I should be you

The mind gets a lot of crazy ideas.  (Well at least mine does, and I suspect if you pay attention, you’ll find that yours does too.)

In recent weeks, it’s taken to suggesting that I should be someone else. Now who this person is varies, depending on the day, my mood, and what I’ve been reading or thinking about.  And the fact is, if you lined up all the people my mind tells me I should be, you’d find that their behaviors and beliefs are often quite clearly at odds. But my mind doesn’t care about that. It’s quite convinced that it’s entirely right—and it’s out to convince me too.

My mind has been especially insistent since discovering The Fluent Self, a blog-cum-transformational playspace created by Havi Brooks.  “You should be Havi,” my mind clamors. “She is doing such interesting things, and she talks about them in such interesting ways. You should be her not you! I can help you do that.”

It’s taken some time, but I am finally getting my mind to accept that this is not going to happen. A major breakthrough came when I showed my mind this video of Havi doing her Shiva Nata yoga practice wearing a pink wig.

“You see that?” I said to my mind. “That is Havi. That is not us. We can learn from her. But we are never ever ever going to be her.”

On hearing this, my mind became a bit disconsolate, though after watching the video twice, it allowed that it was likely true.

As is often—if not always—the case, the trick is to find something between the all and the nothing. What does my mind’s crush on Havi have to tell me? For one thing, it’s about my need to be more playful. It’s about doing more to find my tribe and building a community. And maybe it even means traveling to Portland to attend Rally (Rally!)
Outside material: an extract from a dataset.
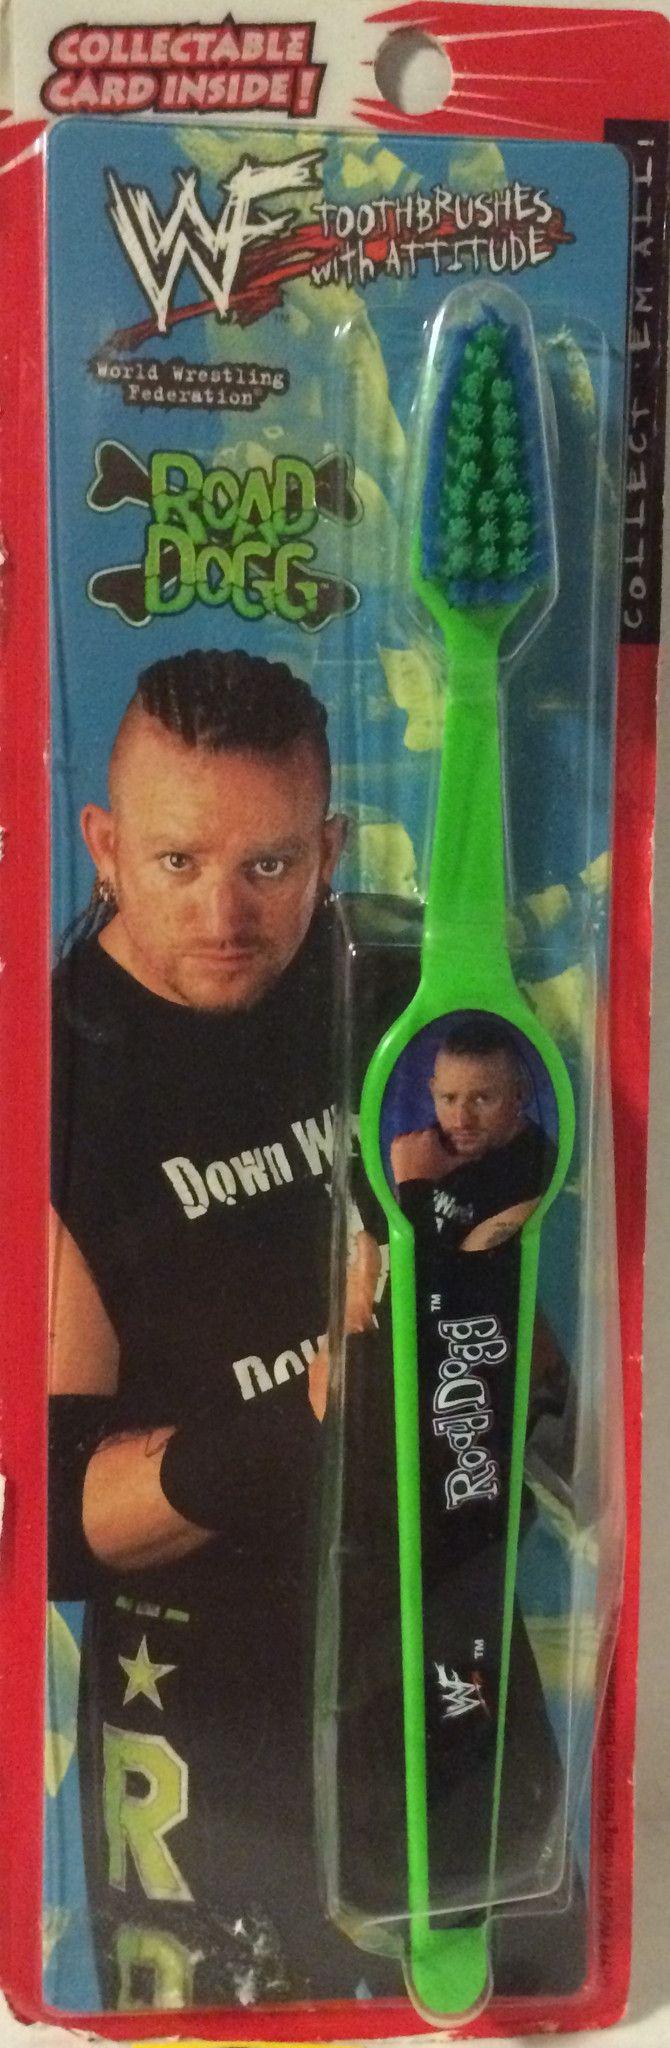 (TAS004753) - 1999 WWF WWE Wrestling Toothbrush - Road Dogg (DX)

It also helps to remind myself that however crazy in love my mind may be with someone else’s life or work, there are others to whom my own life and work speak in similar ways. This came home to me a few months back, when I became friendly with a writer I’ve long admired. I was thrilled when she told me she liked something I’d written but then rushed to send her an essay that I thought was way better—one of my all-time favorites penned by another writer.

Some days later, I got this careful response:  “As for X’s piece…honestly? Between us? It’s not really my thing . . . . I hope it’s okay to say that—she’s clearly a smart writer.” The fact that this writer I so admired could prefer my piece to the one I’d just sent came as a revelation.
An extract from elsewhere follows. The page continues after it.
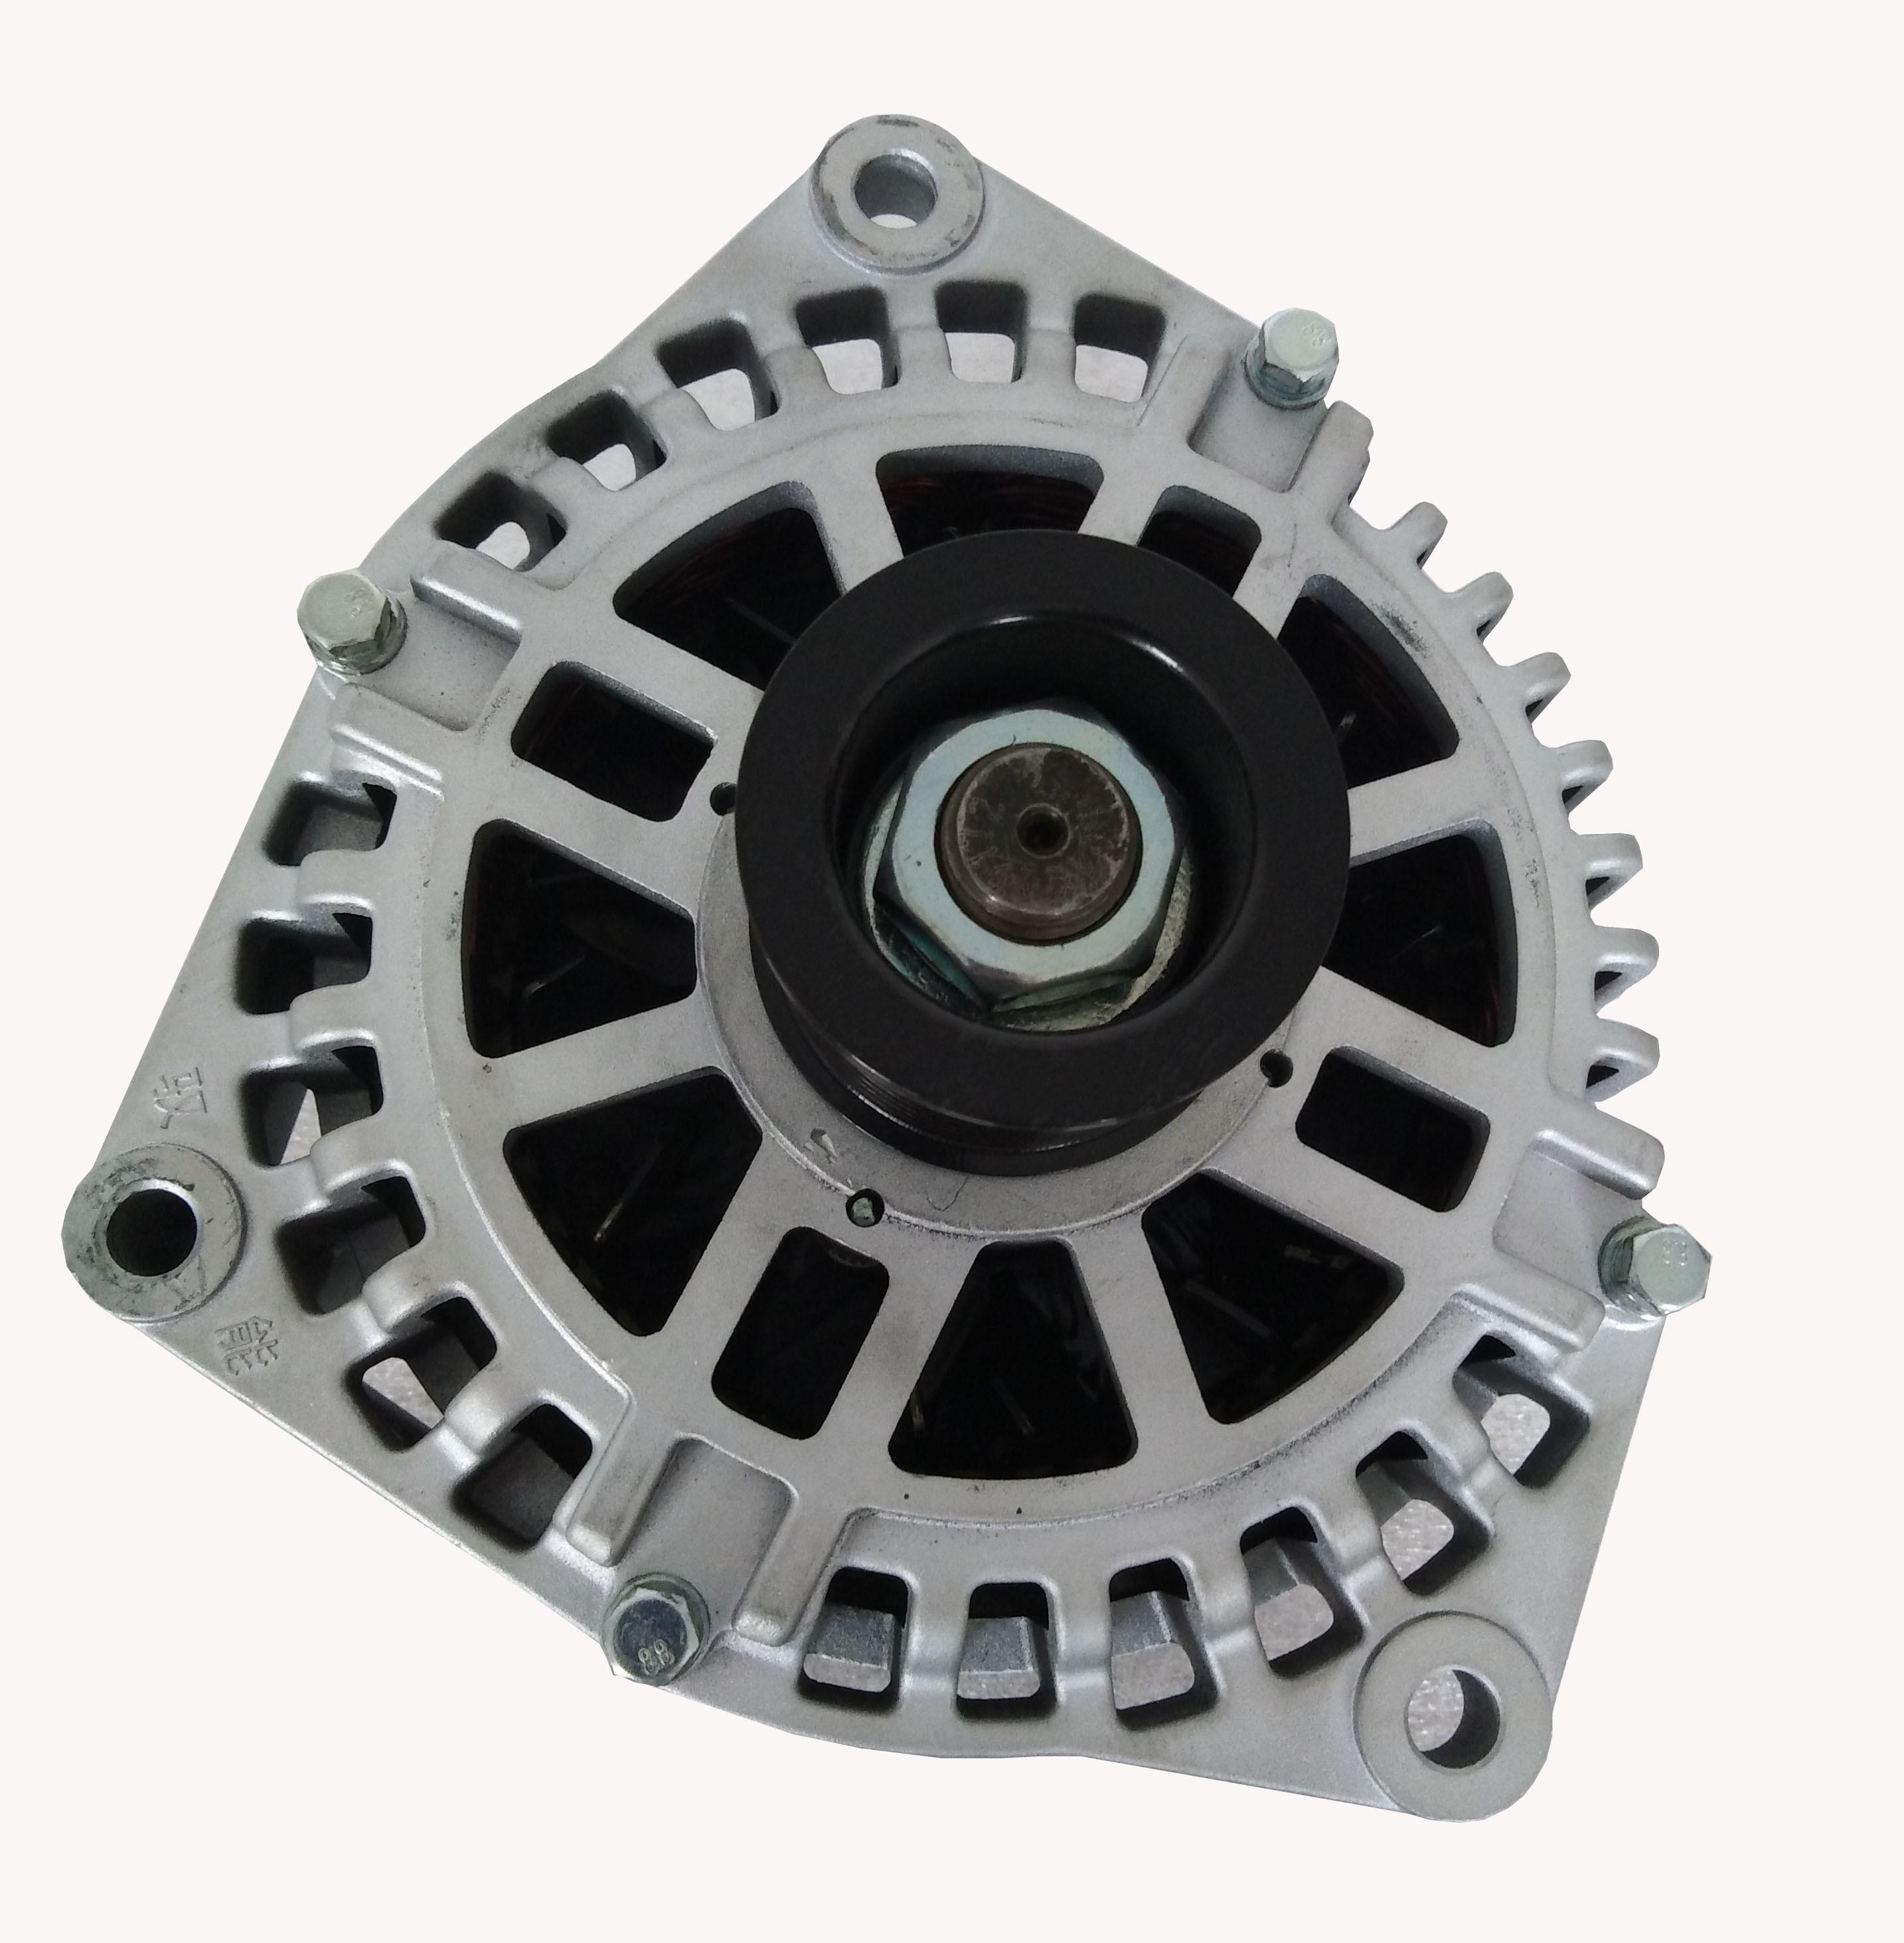 WP7 Engine 28V 240A Alternator

As it happens, my mind is still not entirely convinced that I shouldn’t aspire to Havi. But I’m prepared to wait. Soon it will be on to something else. (And if not, I still have the video.)

Copyright © Amy Gutman. All rights reserved.

28 thoughts on “I should be you

  1. Thanks for making me aware of Havi. What you say about ‘crazy in love with another’s life or work’ is very telling. Discovering that even though the work (or life) is barking up your own tree you can’t hope to cop it (or top it) can happen instantaneously the falling in love with the work. I write ‘bad songs that say so much,’ among other things. (I do a few art forms. And indulge in a few forms within broader categories.) But today I discovered the ‘reformed whores.’ Such delight! Still, it comes with the barbed realization that I’m out-done. I let my little light shine, but still, I can’t help wishin’ my light was a pair of female geniuses with decent singing voices. I’ll get over it. But allow me to enjoy my messy breakup. Okay? It’s my mind. I’ll indulge it if I want to.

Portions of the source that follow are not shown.